Chapitre XXXIII

448 35 4
                                    

Assise à la cantine en train de manger, Clara entendit une assiette se briser sur le sol. Elle se leva rapidement de sa chaise et se tourna. A plusieurs mètres d'elle se trouvait le jeune-garçon au canapé et un autre garçon âgé d'une vingtaine d'année, se tenant face à face sans se lâcher du regard. Leurs torses étaient sur le point de se toucher et le plus grand d'eux était sur le point de se jeter sur le plus jeune, ses poings crispés et sa mâchoire contractée. Personne ne pouvait intervenir, les dames qui s'occupaient d'eux n'étaient pas encore arrivées. Elle se précipita alors vers leur direction et se plaça entre eux. Une main sur le torse du plus grand pour ne pas qu'il s'avance de trop, elle le regarda.

-Qu'est-ce qu'il se passe ?

Il dégagea aussitôt la main de la jeune-fille qui la reposa systématiquement pour qu'il comprenne qu'il devait rester à sa place.

-Qu'est-ce qu'il y a ? Demanda t-elle de nouveau.

-Il a prit mon dessert, rétorqua t-il, c'est pas le sien c'est le mien.

-Tu ne dois pas t'énerver pour ça, il faut lui expliquer que ce n'est pas le sien. Ce n'est pas en te jetant sur celui qui t'embête que tu régleras les problèmes.

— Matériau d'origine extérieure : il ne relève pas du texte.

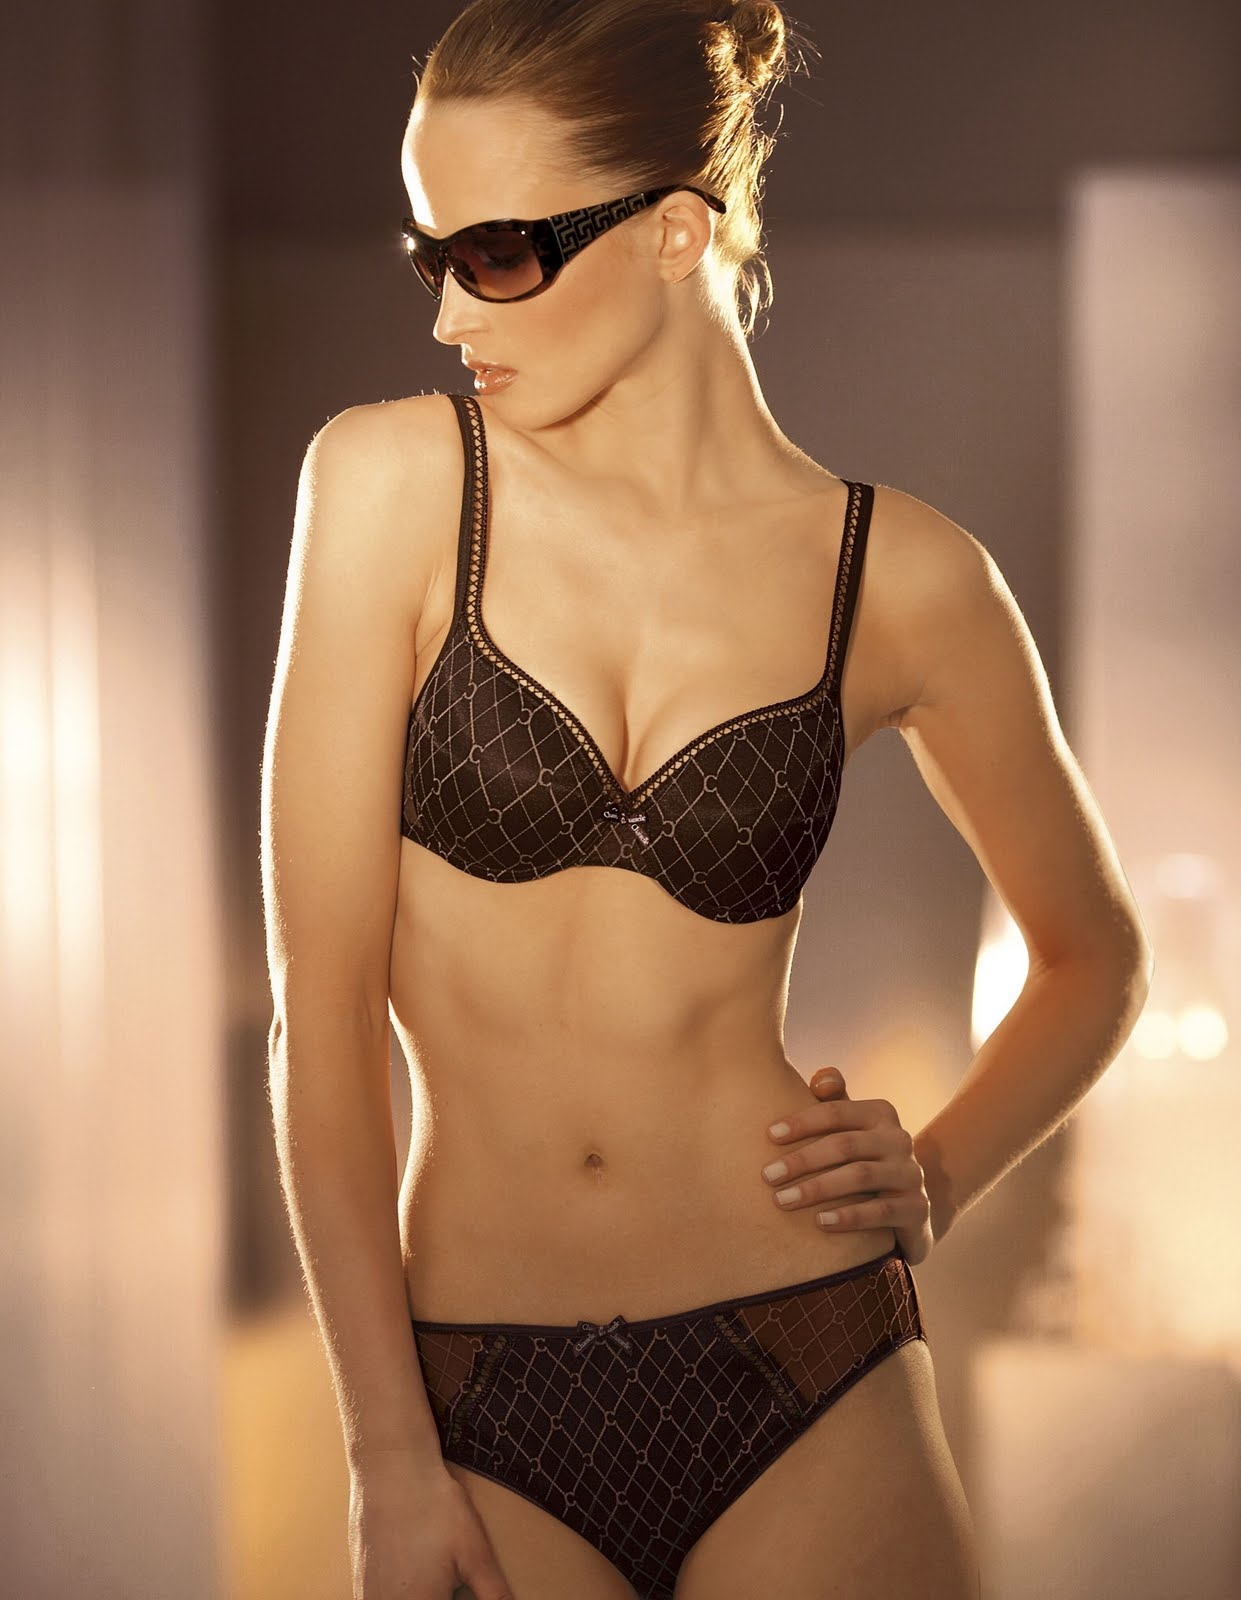 bikini bra style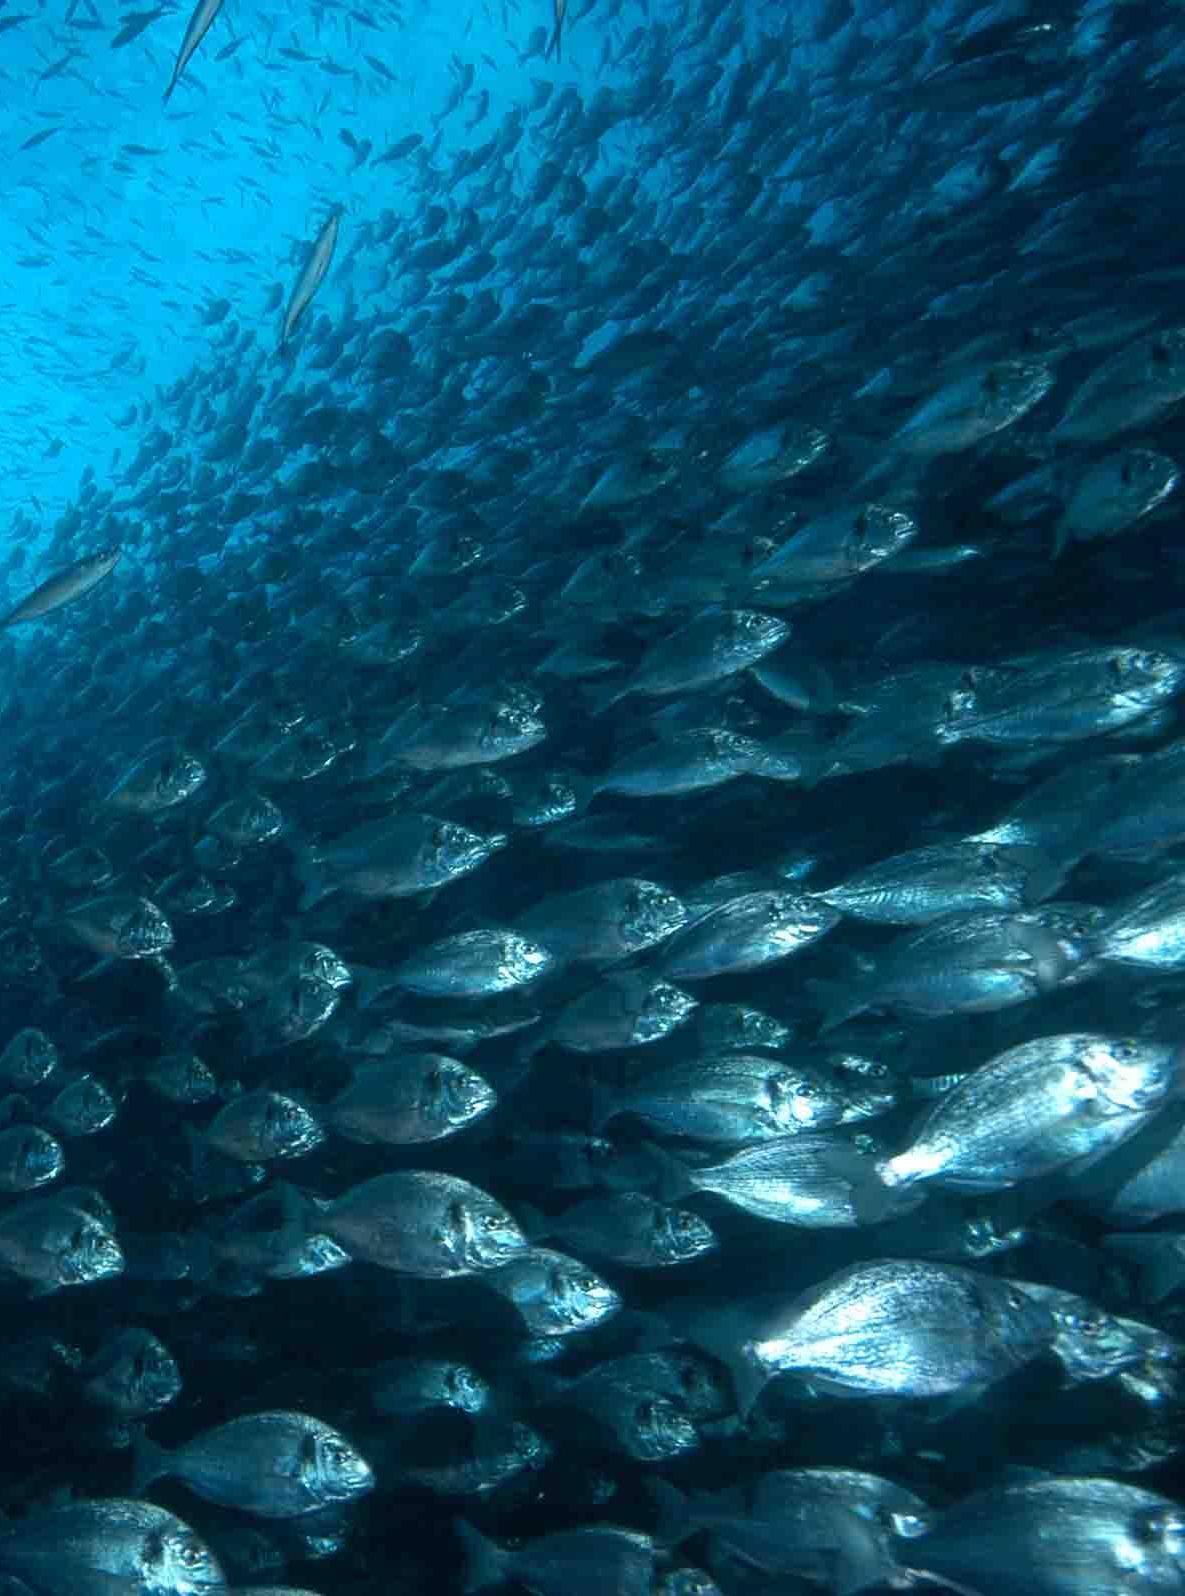 banco de peces acuicultura

-Je lui ai dit ! S'énerva t-il. Mais il a dit que c'était le sien et il me l'a pris de la table. J'ai voulu le reprendre mais l'assiette est tombée. Il comprend jamais rien de toute façon ! Je vais lui en coller une j'en ai rien à faire.

-Non tu ne vas rien faire du tout. Tu vas t'asseoir à ta place et reprendre ton repas là où tu l'as laissé.

Il ne la quitta pas des yeux un instant, mais remarquant qu'elle n'allait pas baisser les bras d'aussitôt, il souffla et reprit place à sa table. Lorsqu'elle se retourna pour s'expliquer avec l'autre garçon, il se trouvait qu'il avait déjà quitté la cantine sans qu'elle ne le remarque.


Le repas terminé, Clara marchait dans les couloirs, observant ce qui était accroché aux murs lorsqu'elle s'arrêta doucement devant la porte d'une des chambres se trouvant dans ce même couloir. Le jeune garçon au canapé était assis sur son lit, son regard tourné dans le vide. Elle frappa mais il ne quitta pas le vide des yeux. Il semblait ailleurs. Elle frappa de nouveau et cette fois-ci, il tourna son regard vers elle. Sans répondre, son regard se tourna de nouveau dans le vide. Alors la jeune-fille entra lentement dans la chambre et s'arrêta devant la chaise placé devant le bureau.

-Je peux m'asseoir ?

Aucune réponse.

-Je vais m'asseoir sur la chaise, mais je sais très bien que c'est la tienne, ne t'en fais pas.

Elle avança la chaise et prit place dessus silencieusement.

-Tu t'appelles comment ? Reprit-elle.

Il lui semblait qu'il n'allait jamais répondre, mais elle voulait en savoir plus sur lui, alors elle insista.

-Tu sais, je sais ce que ça fait d'être embêté. Je sais ce que ça fait d'être incompris, je suis en permanence dans cette situation. Parfois j'aimerais que quelqu'un me comprenne et me console, me dise que tout ira bien, mais ça ne se passe jamais. Elle s'arrêta un moment pour réfléchir. Enfin, j'ai deux personnes qui me soutiennent, mais je n'ai pas l'impression d'être totalement comprise. Lorsqu'on y pense, personne ne peut nous comprendre totalement, le problème est souvent beaucoup plus compliqué et beaucoup plus profond qu'ils peuvent penser.

Elle n'avait aucune idée du fait si il écoutait ce qu'elle disait ou si il était réellement ailleurs, mais parler était important pour elle. Ça ne devait pas être seulement eux qui devaient se confier et se faire aider, elle aussi devait franchir le pas et en dire un peu plus sur elle.